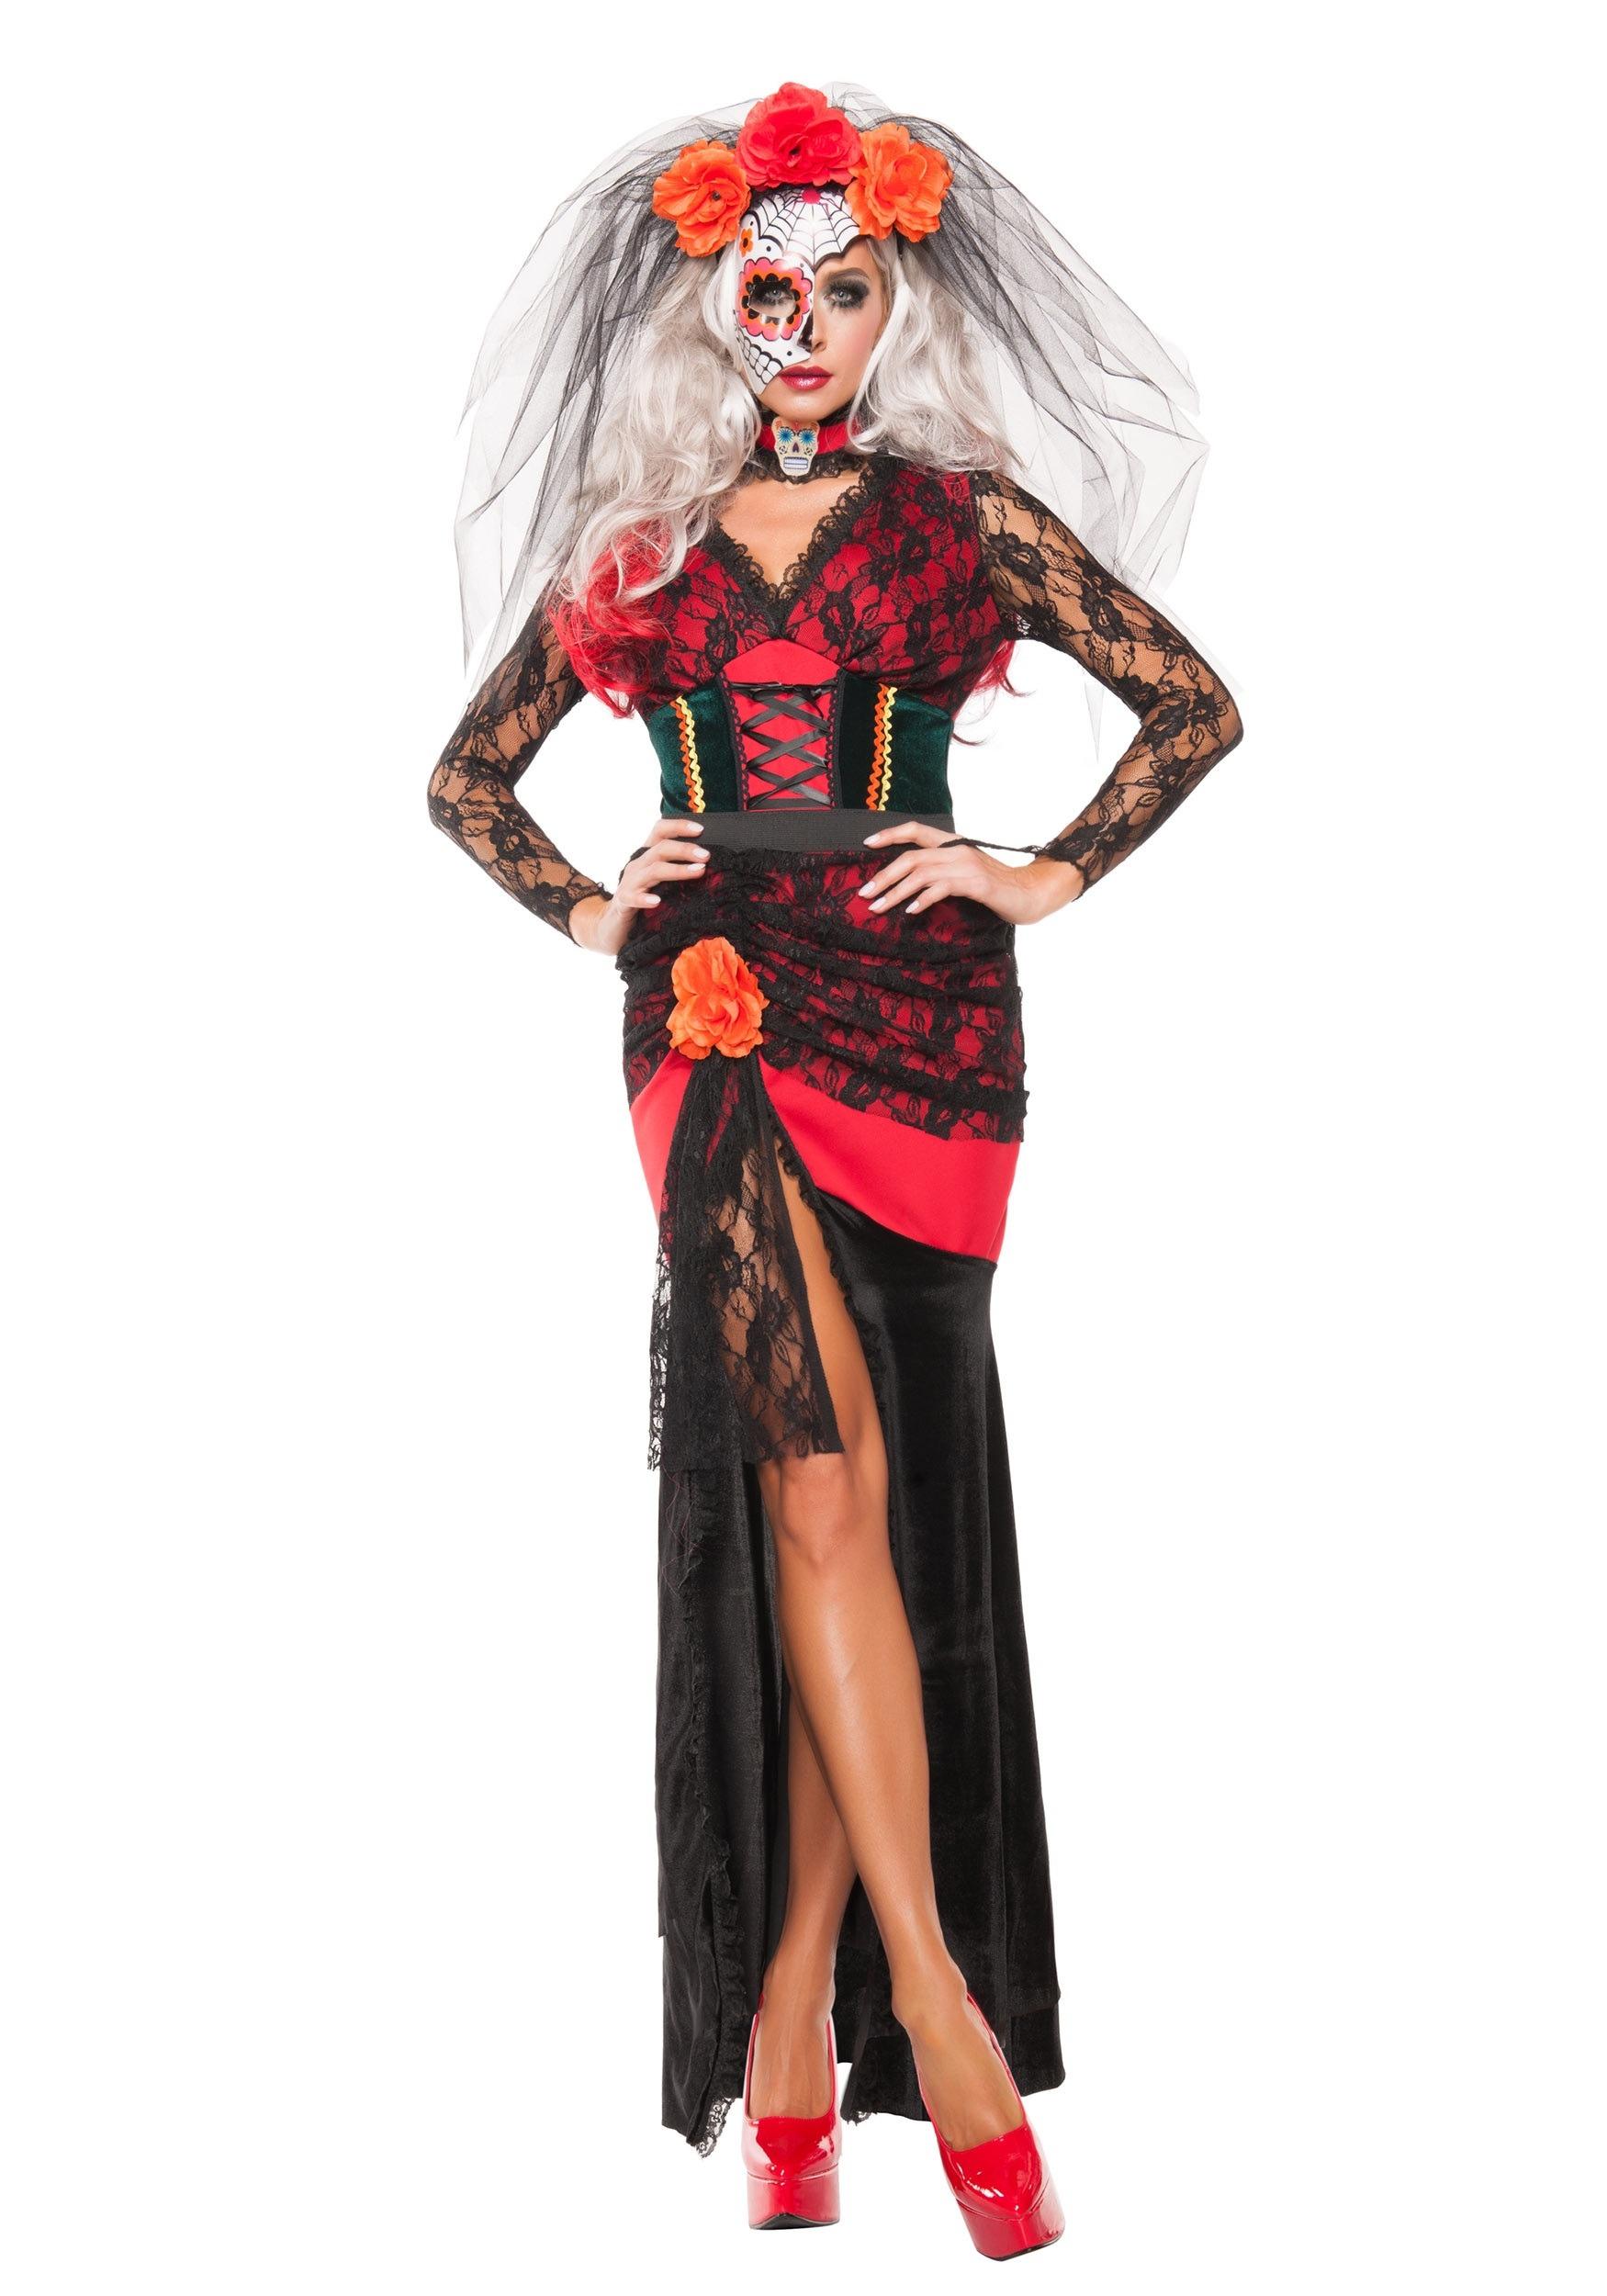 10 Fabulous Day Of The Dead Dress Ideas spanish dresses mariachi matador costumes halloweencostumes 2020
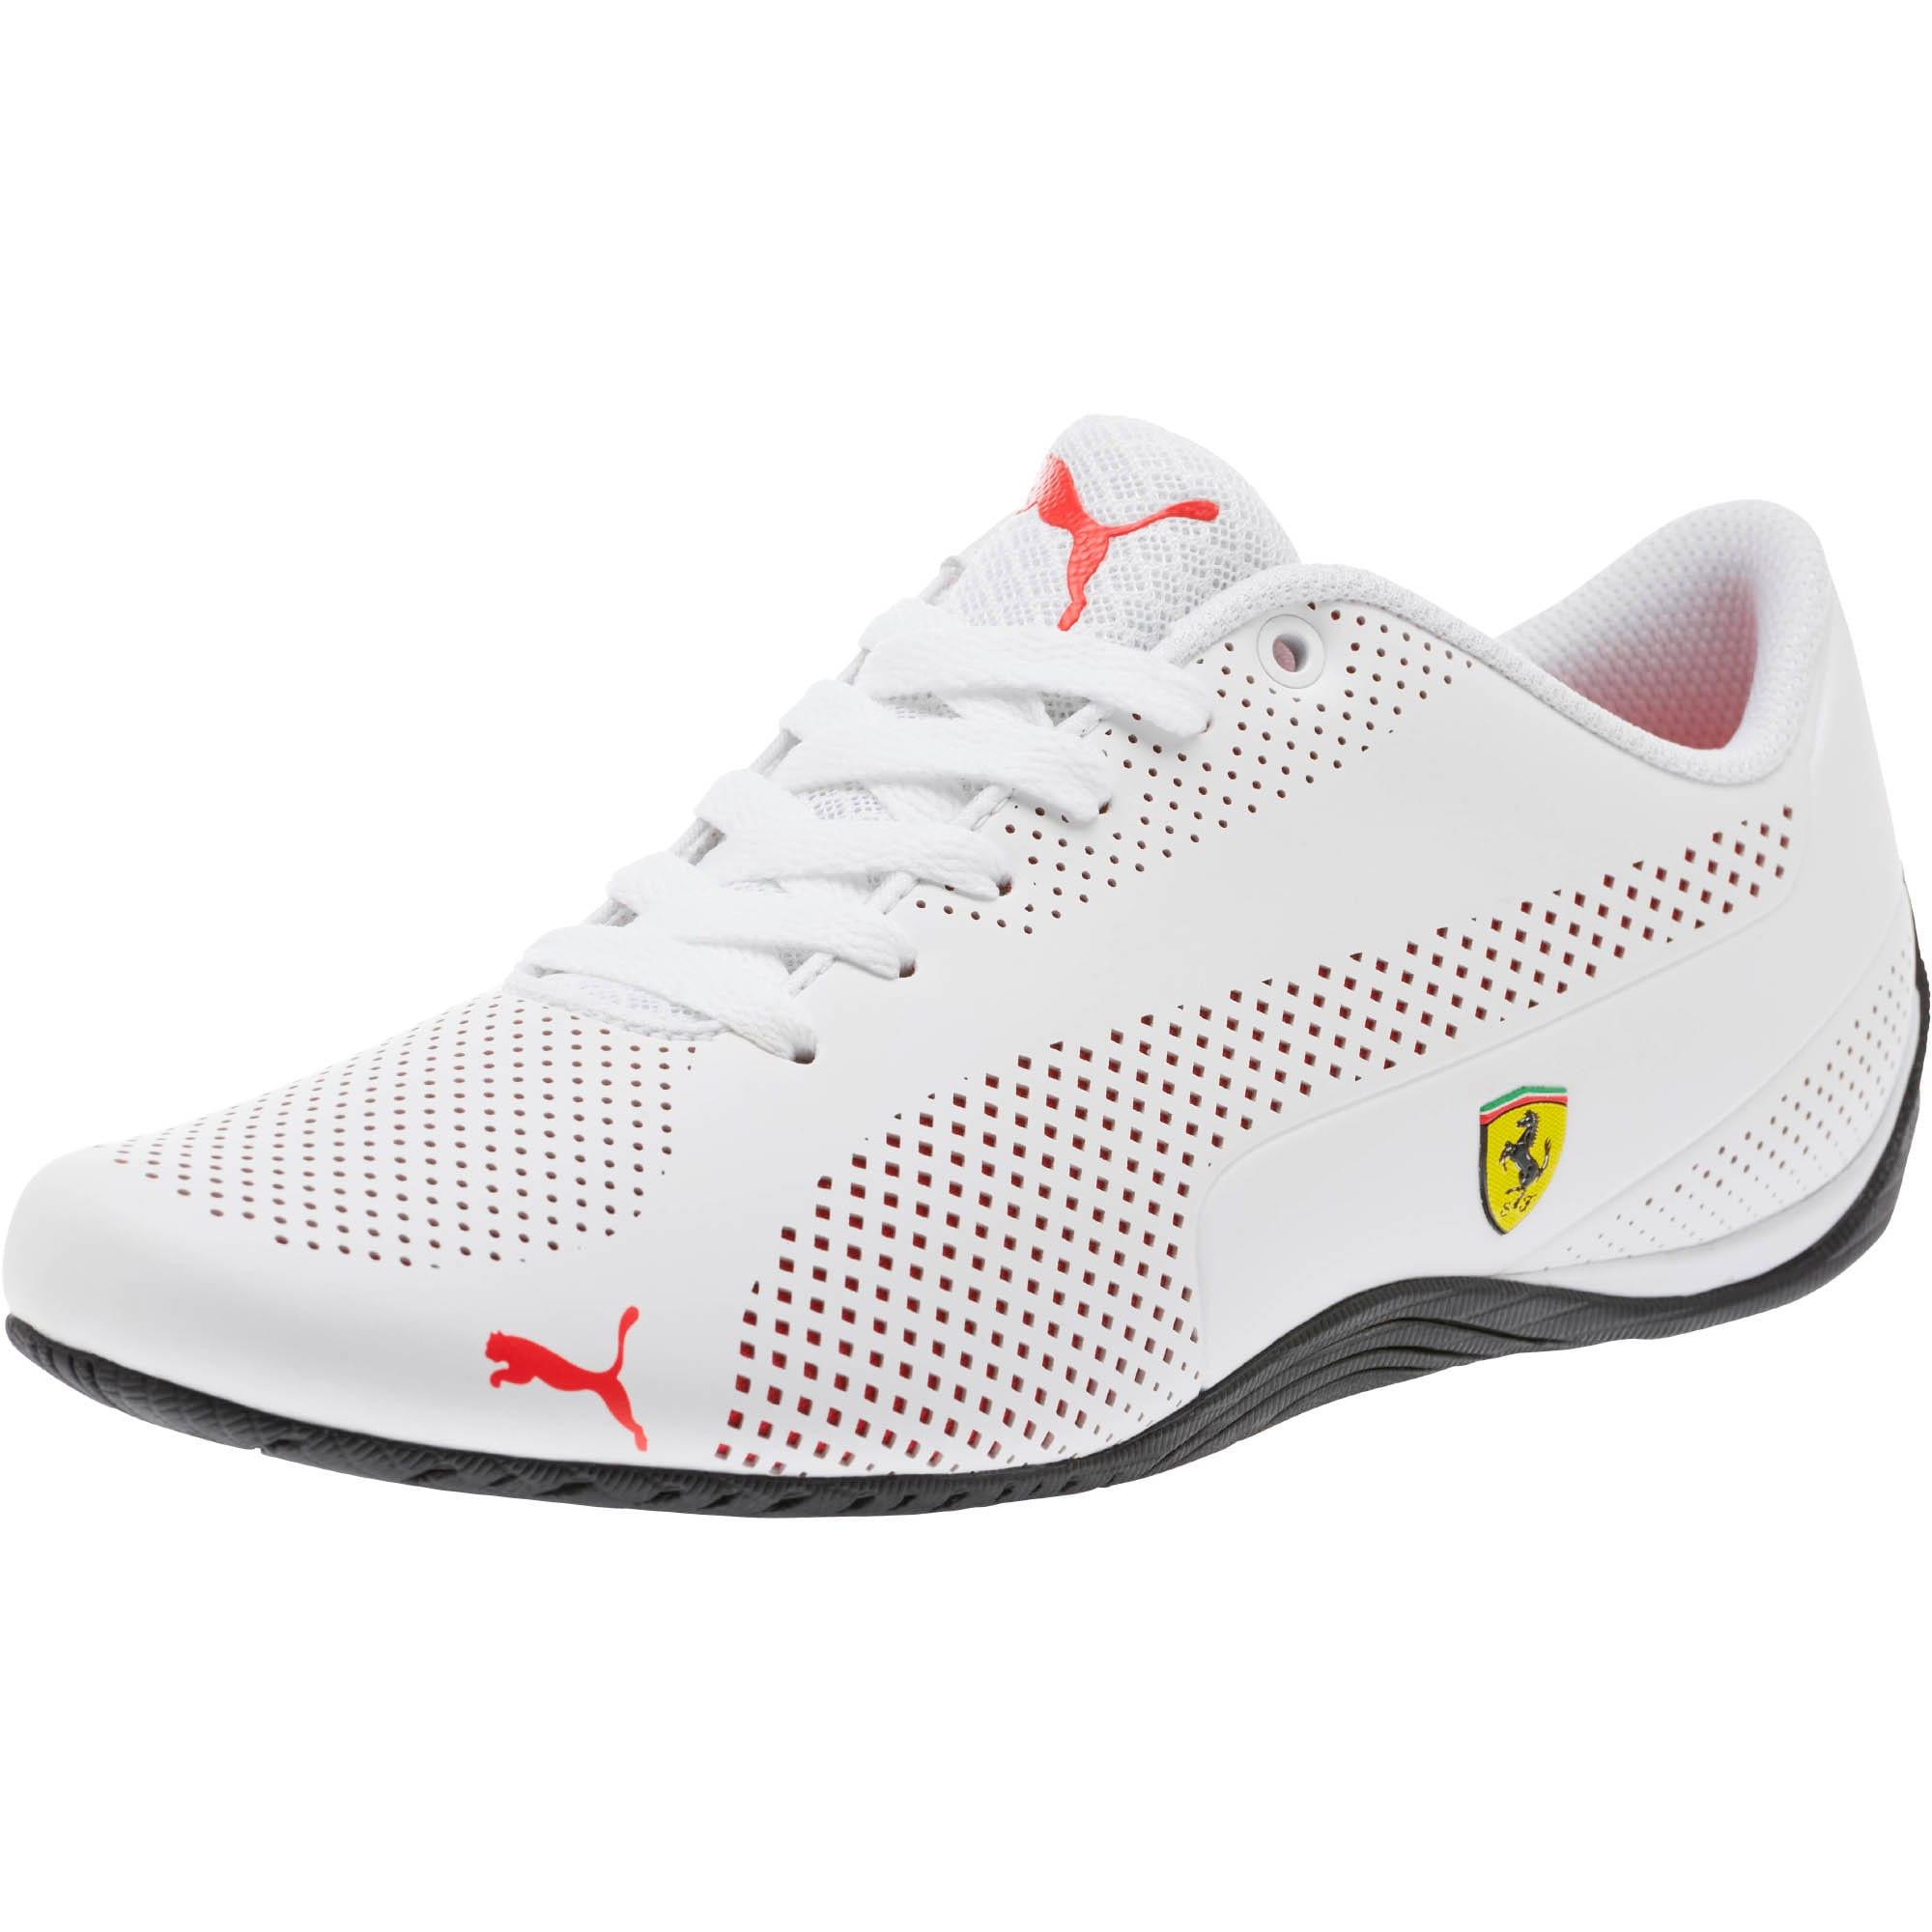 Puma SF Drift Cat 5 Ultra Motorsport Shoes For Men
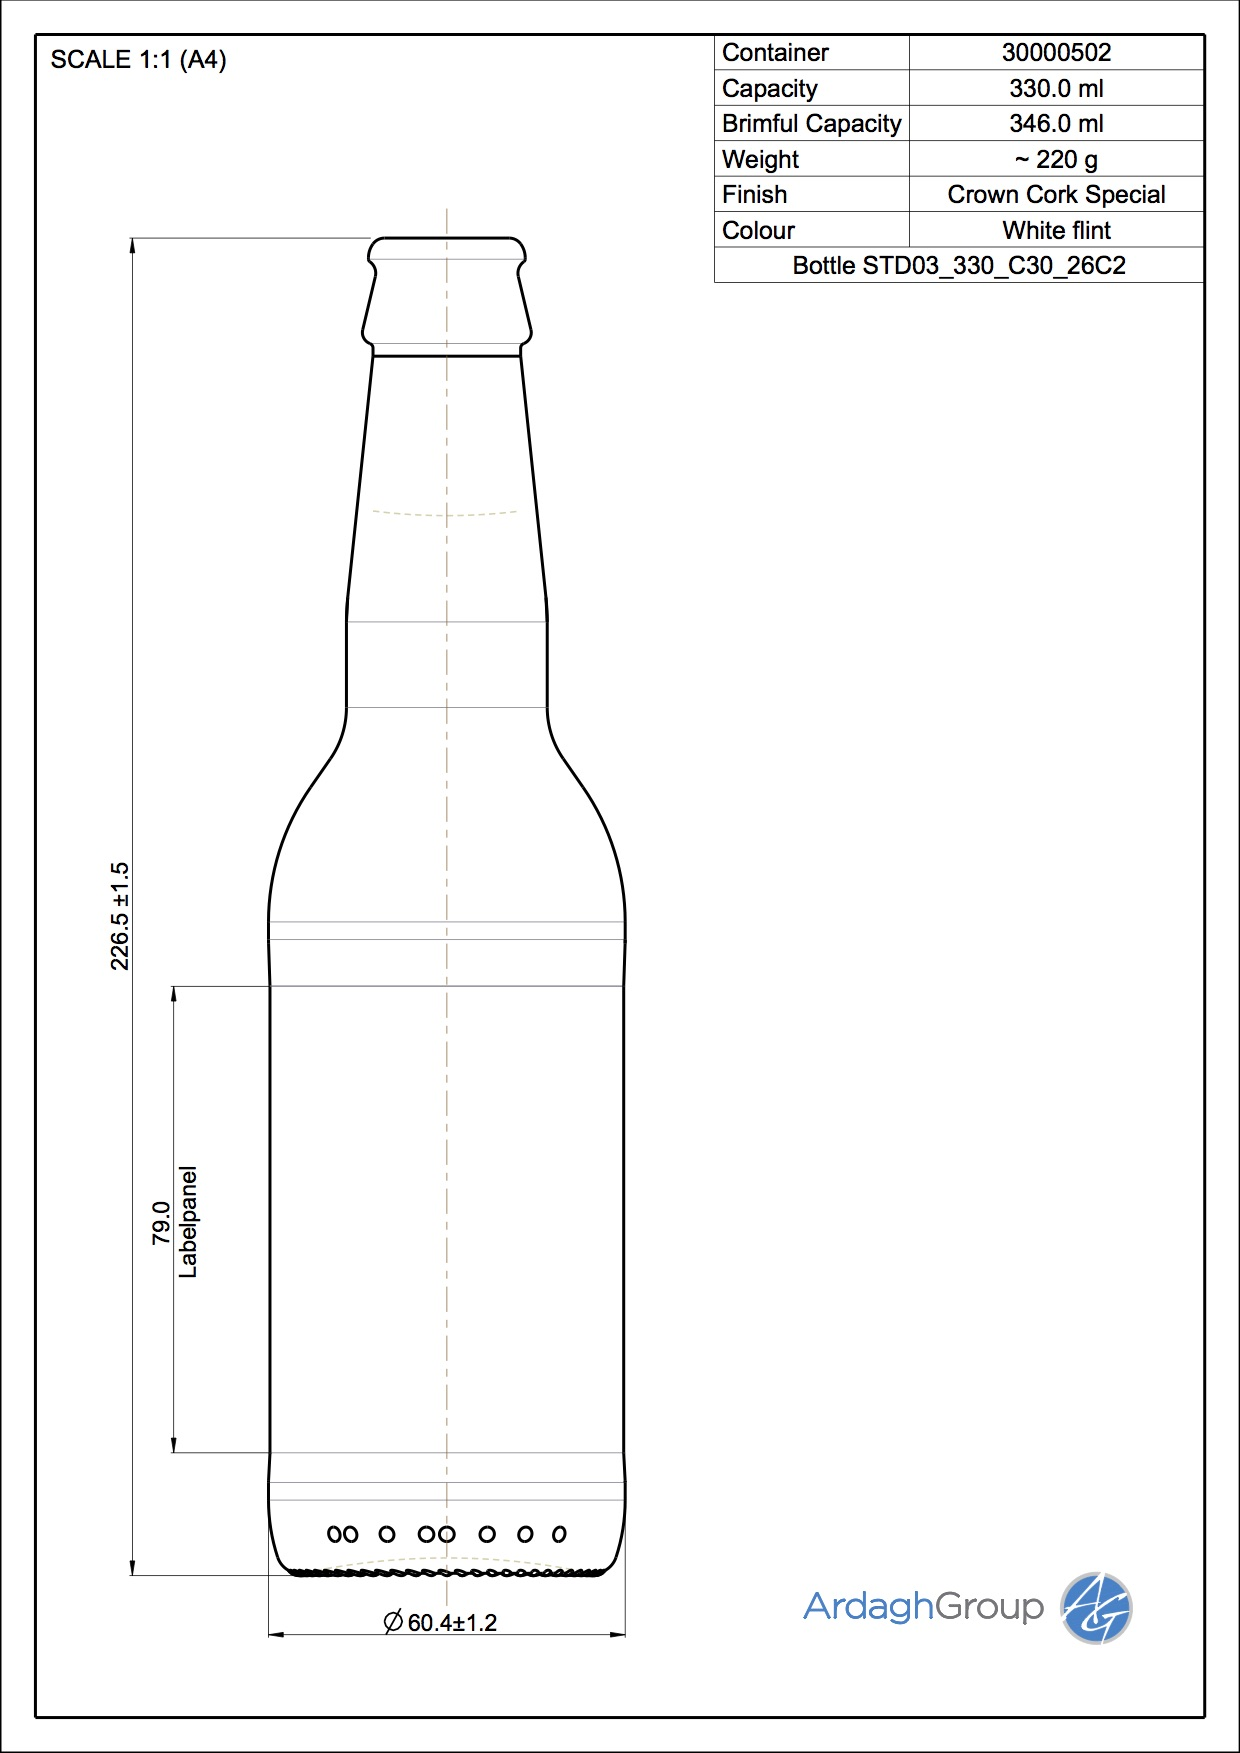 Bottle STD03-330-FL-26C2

Exercise aim: Could you retype each line of the material above exactly, skipping the pictures?

The completed task:
 10 Fabulous Day Of The Dead Dress Ideas spanish dresses mariachi matador costumes halloweencostumes 2020
 Puma SF Drift Cat 5 Ultra Motorsport Shoes For Men
 Bottle STD03-330-FL-26C2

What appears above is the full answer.